Mailchimp made a business decision on Wednesday. One that has already made waves throughout the community. On a personal basis, I think it’s a horrible one, and it will be creating a lot of extra work for me. Ben Chestnut, CEO of Mailchimp is a massive asshole who deserves to step barefoot on legos for the rest of his life. Putting my emotions aside, I’d like to explore why they though this was a good idea, and give a succinct explanation of why I think they’re simply wrong.
Mailchimp’s modus operandi
Buried somewhere in their corporate blog is a post by their resident data scientist, who described how they make data-based decisions in their company. The gist of it was he built decision trees based on several hundred features, and distilled it to one or two features to focus on. Great stuff, but he came to the conclusion that the best predictor if a customer will pay more money is if they’ve already paid money. Otherwise known as selection bias.
This didn’t sit well with me, because I recognized it as selection bias. Worse, it means that internally, they’ve decided that their churn rates are extremely low, and that it won’t affect future growth. If they’re really intelligent, that may be the case. But the fact is they took one of the cheapest options on the market with a free tier, and turned it into the highest priced option. They won’t get new customers because they raised prices, but they will drive away a ton of existing ones. Churn is never zero and they just increased it; at the same time decreasing their ability to bring in new customers.
Consolidating your revenues in a small cadre of customers means your fortunes rise and fall with them. It’s generally well accepted that this is a bad thing, to the point of having its own proverb “Don’t put your eggs all in one basket”. Worse, when you alienate your smaller clients, you basically kill off any chance of future customer base growth. That’s a Bad Thing (TM) for future growth.

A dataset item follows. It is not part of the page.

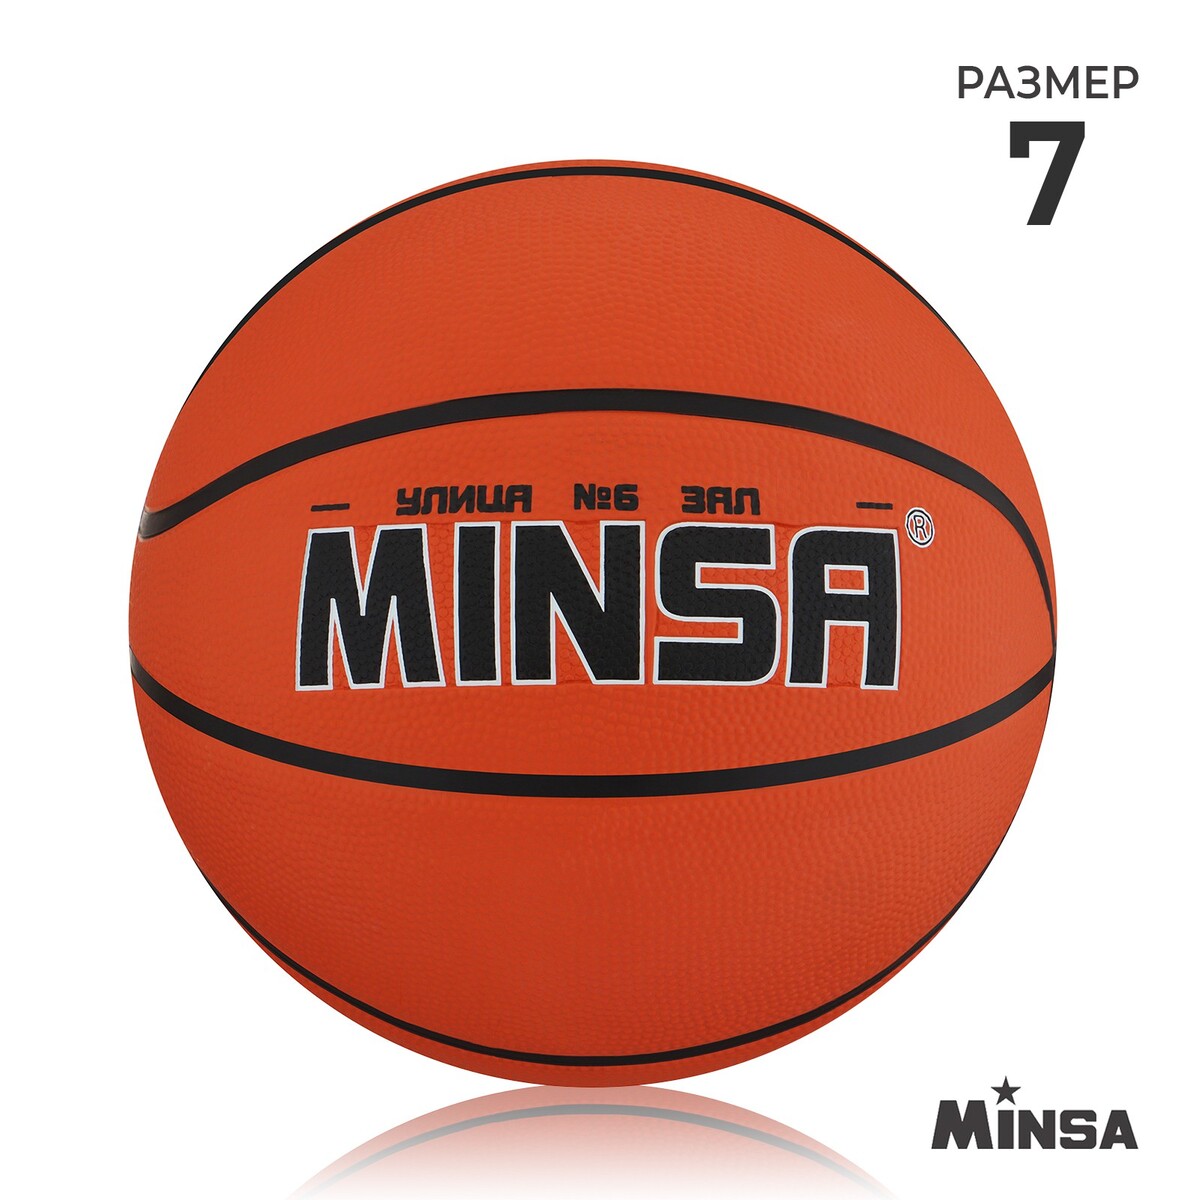 Мяч баскетбольный minsa, пвх, клееный, 8 панелей, р. 7 мяч баскетбольный minsa пвх клееный 8 панелей р 5

Never assume malice when stupidity will suffice.
– Hanlon’s Razor
Perhaps related, but it would appear they’ve replaced almost all of their upper management in the last year, so this may be a result of new hands needing to make changes to prove they’re doing “something”.
Simply put, this is a great move to increase short term profits, but will ultimately kill future revenue. Expect belt-tightening and backdoor layoffs in a year or two, followed by them shopping for a bailout acquisition (IBM seems a likely candidate).
A legal aside
Mailchimp updated the terms of service and privacy policy for Mandrill, in such a way that they’re no longer protecting certain types of information. The short of it is they’re going to data mine emails sent through them for purchase history and payment information. Considering that the FTC considers privacy policies to be legally binding, they may find themselves in some hot water for this (note, Mailchimp is a Georgia, USA based company, and subject to regulation by the FTC).
In conclusion:
Fuck you, Mailchimp. Fuck you Ben Chestnut.